Atlassian's CEO argues against the death of per-seat pricing. He states that customers dislike the unpredictability of consumption models, and value-based models are too hard to measure accurately. This practical friction ensures simpler, predictable pricing will persist.

Pure value-based pricing (e.g., per seat) fails for AI products due to unpredictable token costs from power users. Vercel's SVP of Product advises a hybrid model: one metric aligned with value (like seats) and another aligned with cost (like token usage) to ensure profitability.

Warp's initial subscription model, offering a fixed number of AI credits, became unprofitable as heavy usage grew. They were forced to switch to a consumption-based model, trading user complaints for sustainable, margin-positive growth, a crucial lesson for pricing AI applications.

The dominant per-user-per-month SaaS business model is becoming obsolete for AI-native companies. The new standard is consumption or outcome-based pricing. Customers will pay for the specific task an AI completes or the value it generates, not for a seat license, fundamentally changing how software is sold.

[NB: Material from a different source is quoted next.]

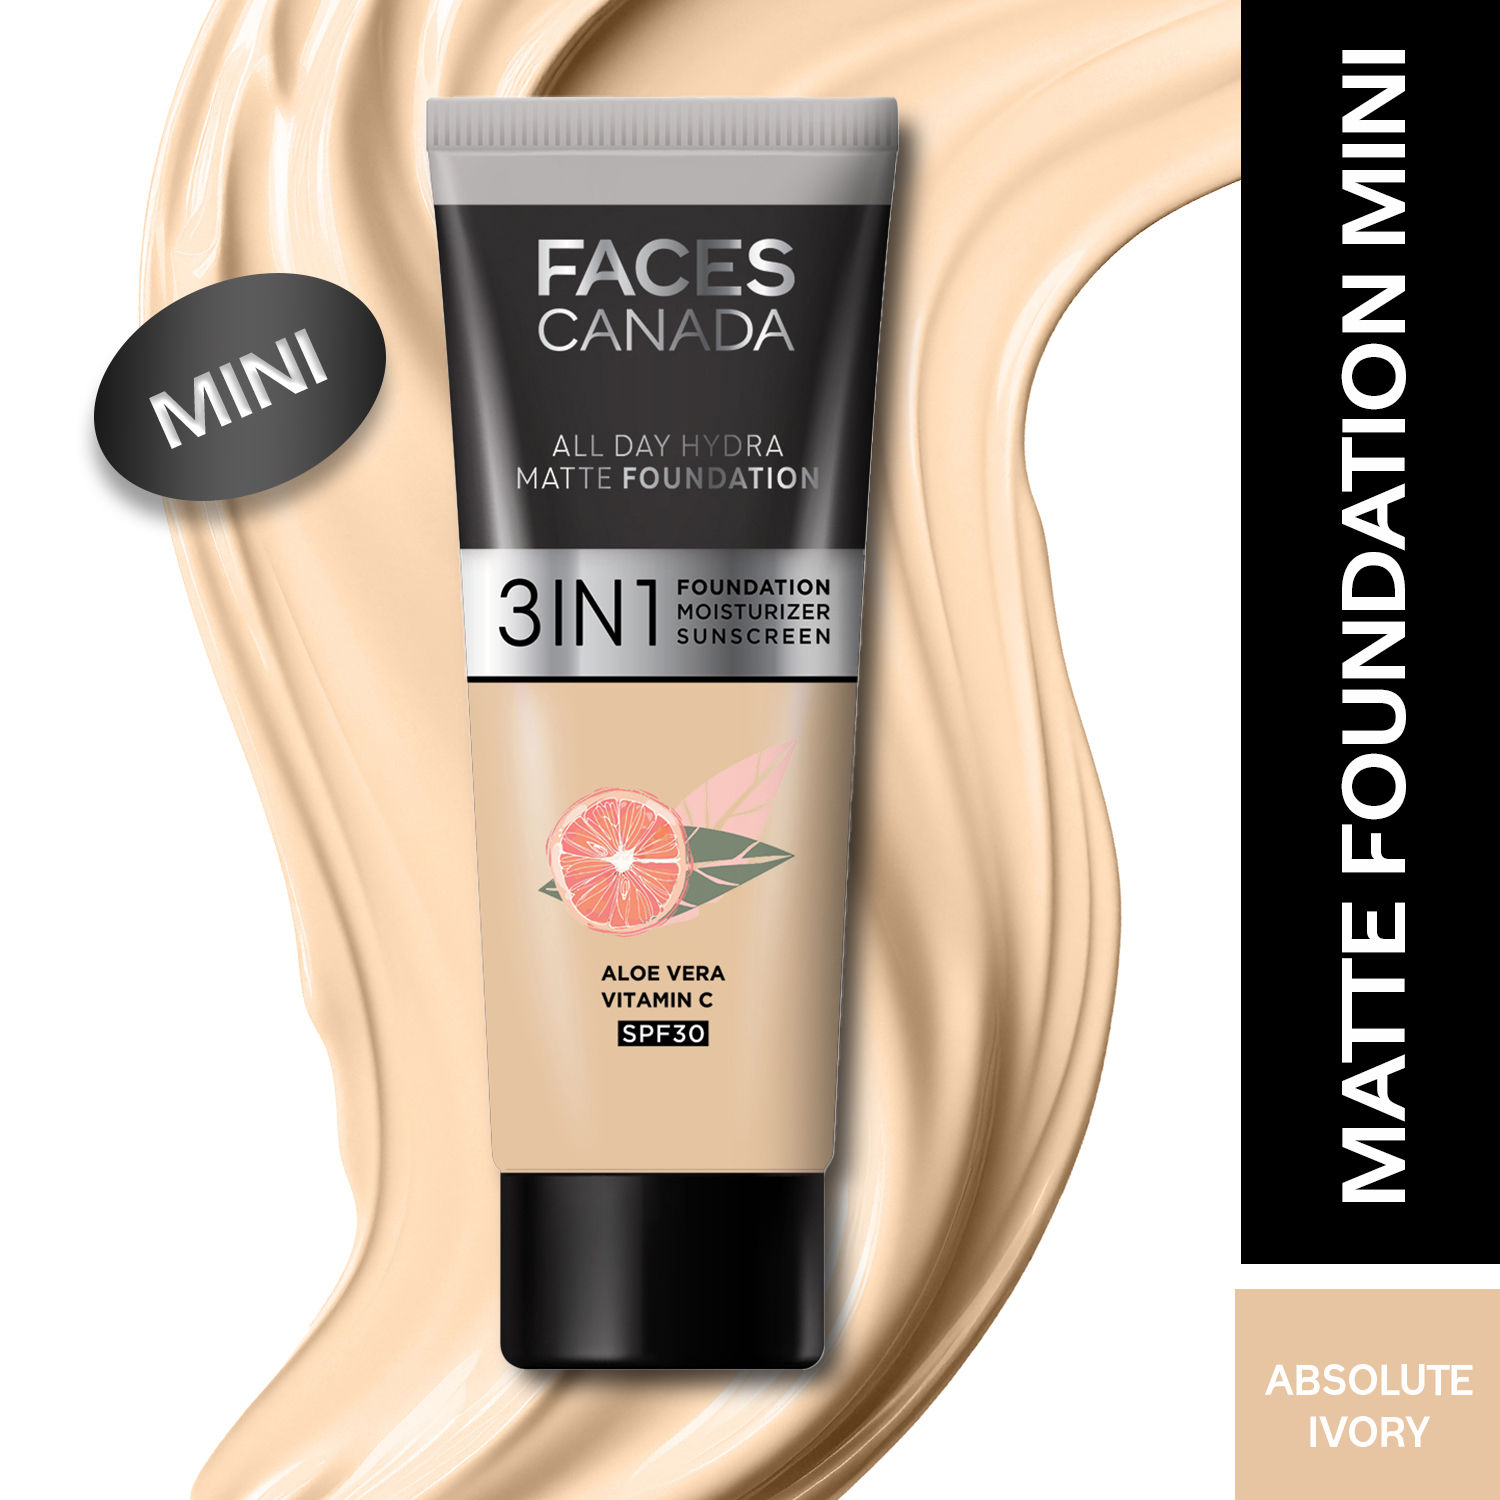 FACES CANADA All Day Hydra Matte Foundation Absolute Ivory 012 15ml | SPF  30 | 24HR Hydration | Aloe Hydration | Oil-Free Matte | Vit C | Paraben  Free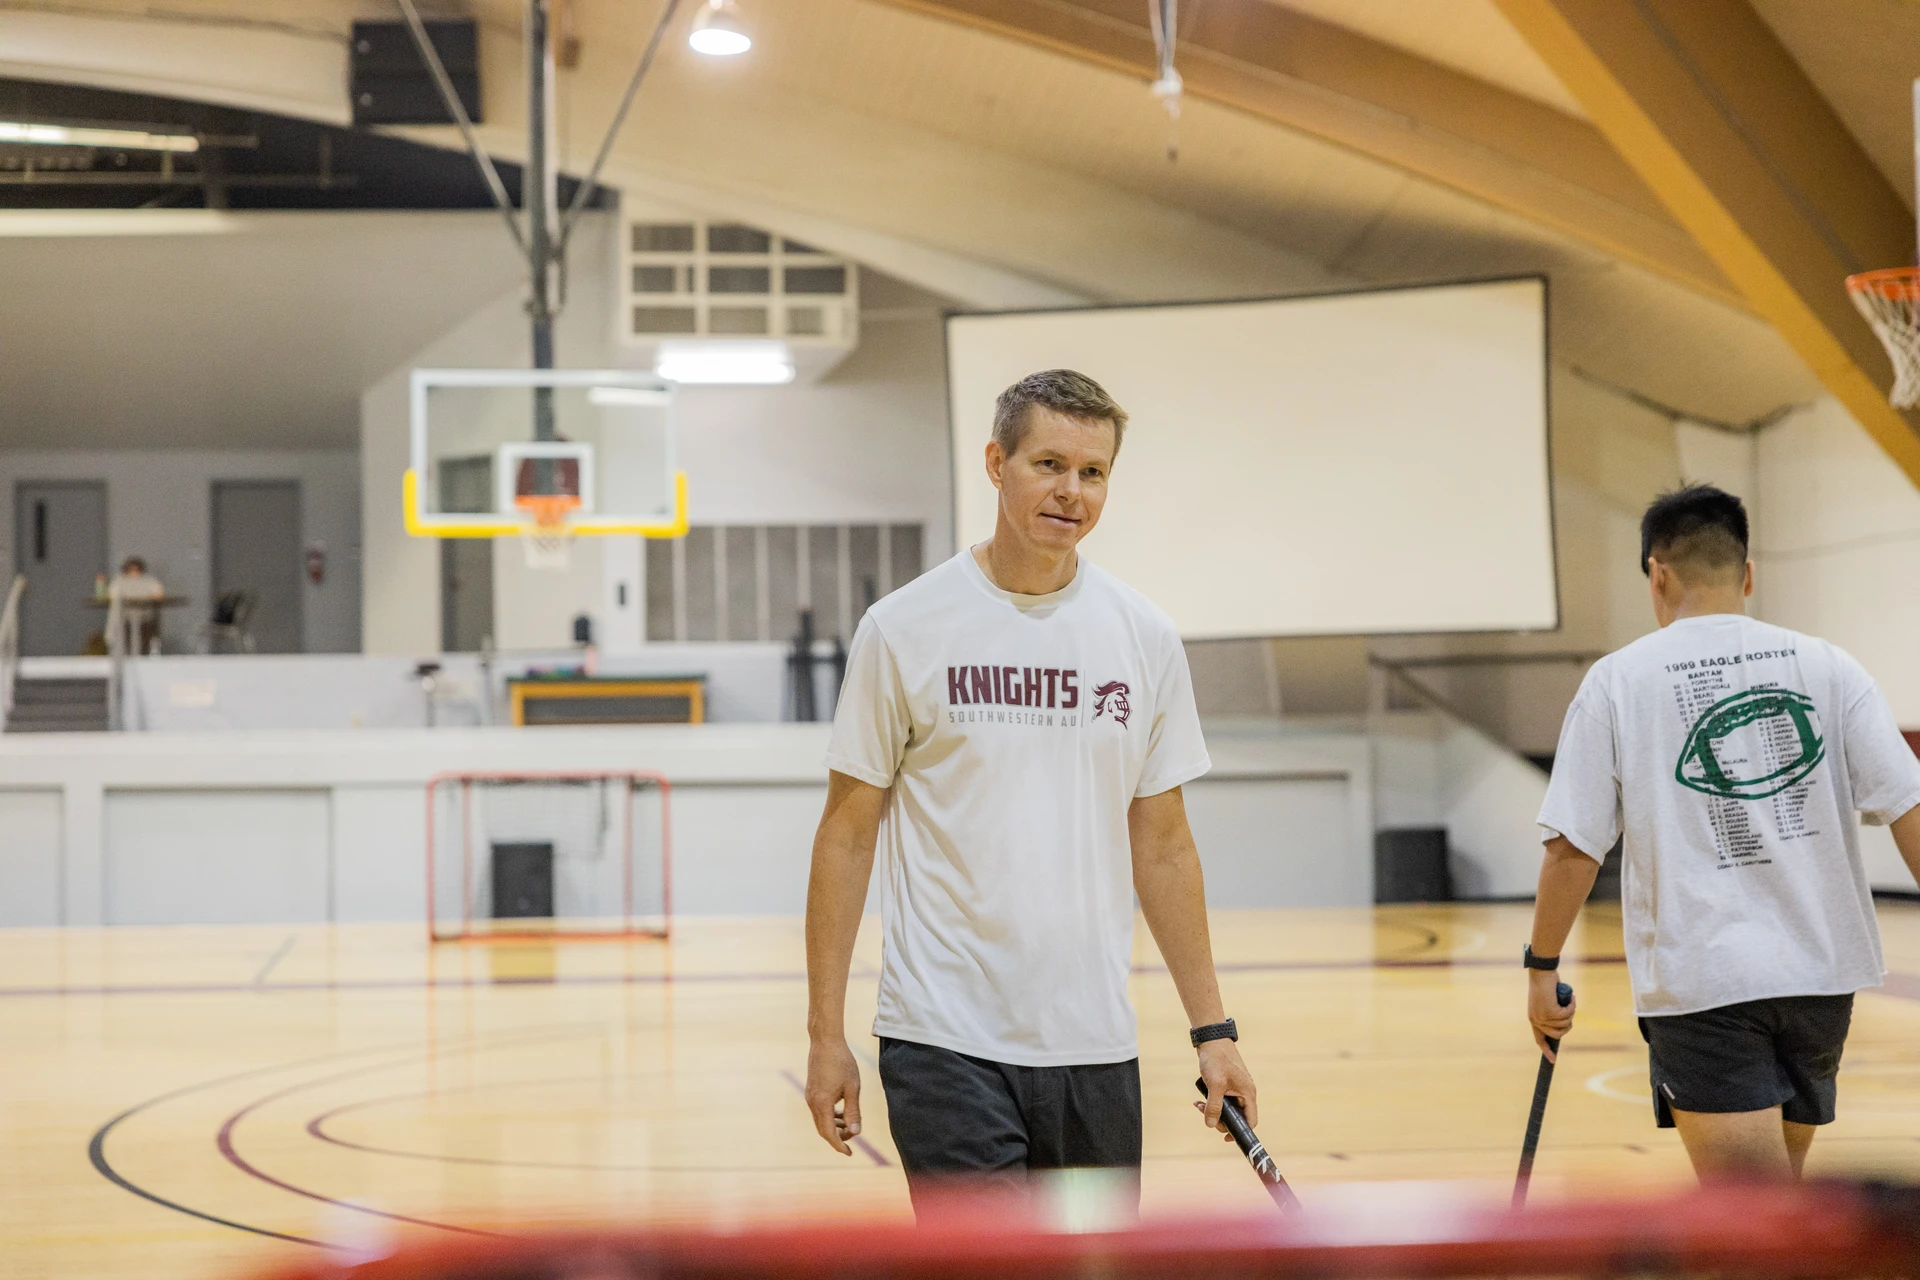 SWAU professor and student for health and fitness floorball at the gym

The move away from seat-based licenses to consumption models for AI tools creates a new operational burden. Companies must now build governance models and teams to track usage at an individual employee level—like 'Bob in accounting'—to control unpredictable costs.

Beyond upfront pricing, sophisticated enterprise customers now demand cost certainty for consumption-based AI. They require vendors to provide transparent cost structures and protections for when usage inevitably scales, asking, 'What does the world look like when the flywheel actually spins?'

The shift to usage-based pricing for AI tools isn't just a revenue growth strategy. Enterprise vendors are adopting it to offset their own escalating cloud infrastructure costs, which scale directly with customer usage, thereby protecting their profit margins from their own suppliers.

AI startups often use traditional per-seat pricing to simplify purchasing for enterprise buyers. The CEO of Legora admits this is suboptimal for the vendor, as high LLM costs from power users can destroy margins. The shift to a more logical consumption-based model is currently blocked by the buyer's operational readiness, not the vendor's preference.

SaaS companies like HubSpot are shifting to credit-based pricing for AI features where costs are variable and opaque. This makes it nearly impossible for business leaders to budget for AI usage and operationalize new intelligent workflows effectively.